I believe the fact that I used relatively fresh cascade pellets and in healthy amounts for bittering, flavoring, and aroma helped produce an attractive smelling/tasting beer. The finished beer had a nice cascade aroma, but was not overpowering. One of the two had a color that was more orange, as expected when using sweet potatoes, at least we deduced as much.

Personally, I could not detect potato essence in either beer's aroma. I felt that there was something different in the flavor, which I attributed to the potatoes.

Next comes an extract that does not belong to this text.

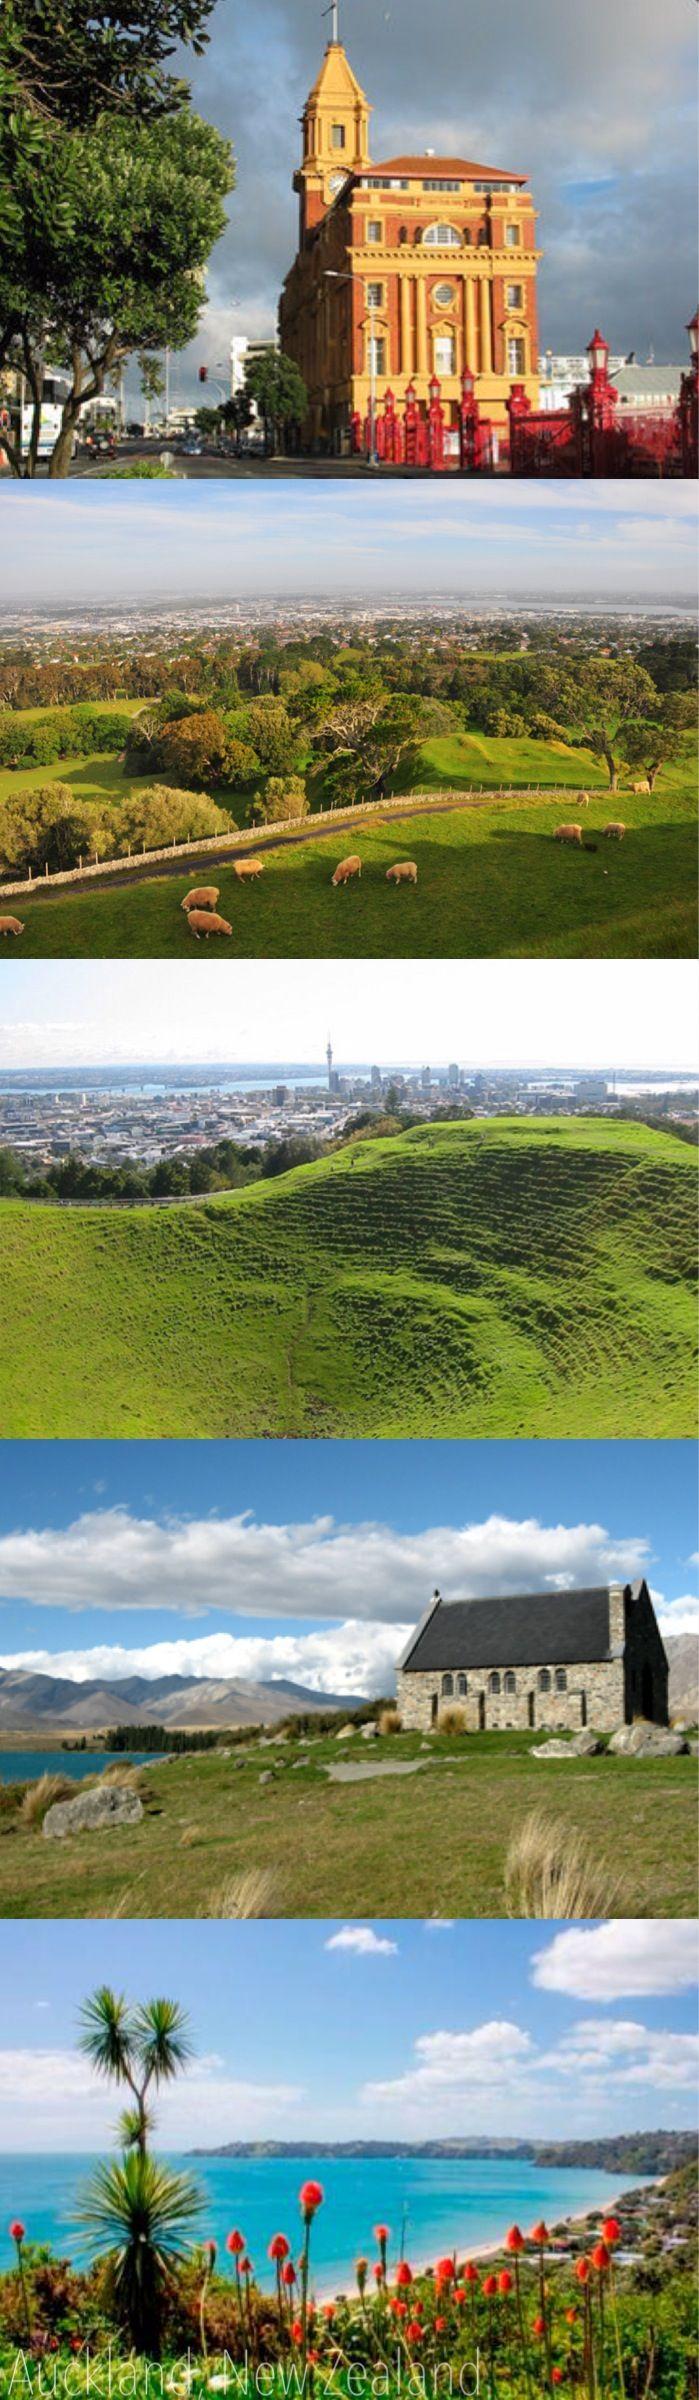 Glimpses of New Zealand...Auckland City, North Island  & Church Of Good Shepard, Lake Tekapo, South Island

It wasn't unpleasant, but I don't think I would do it again in 10G batches to drink all the time though since the potatoes added an extra layer of complexity to an otherwise just fine simple pale ale. It wasn't worse than a standard pale, just that the extra work in using potatoes made it more of a novelty than a practical beer I would likely brew often and again.

The third batch I did used washed yeast in a starter, and whatever noble hops I had leftover after the winter. We made two batches using only sweet potatoes this time. We cut them into long 1/2" strips and baked them at 425 until they were making us salivate with visible carmelization on the tuber slices. We physically mashed them a little and used some wheat, carared, and crystal 20 along with standard 2row. Again, like in the first round of experiments, we saw much lower pre-boil gravities than expected. Despite the visible carmelized sugars on the cooked potato slices (that smelled and tasted delicious!), we either had super-low-efficiency in our barley mash, or very little sugar added by the tubers. We did between 1/3-1/2 of the pre-cooked mash in sweet potatoes.

I ended up boiling my side of the split experiment down ... down .. down. I came out with 1.060 or so. It is one of the most bizarre beers I have ever tasted. It has an unpleasant aroma and flavor that I've never experienced. I am unsure if it was the hops used (I took notes but cannot find them right now- the hops were one of the European noble hop varieties), or the yeast that was year+ old washed yeast built up in a starter days before, or the potatoes themselves in combination with the wheat/barley mixture.

Your mileage my vary, but one thing I've learned after all of this is under any circumstances, use a very solid beer as your base- not a hop-bomb or high gravity killer, just a good and proven pale recipe that is well rounded and basic with nothing flashy or overpowering. You want to be able to let whatever potato is in there to come out.
 
There is an article in the March-April 2010 BYO magazine that briefly covers using potatos. They recommend using dehydrated potato flakes. If you used raw potatos instead the author states the geletanization temperature of the potatos to be 140F.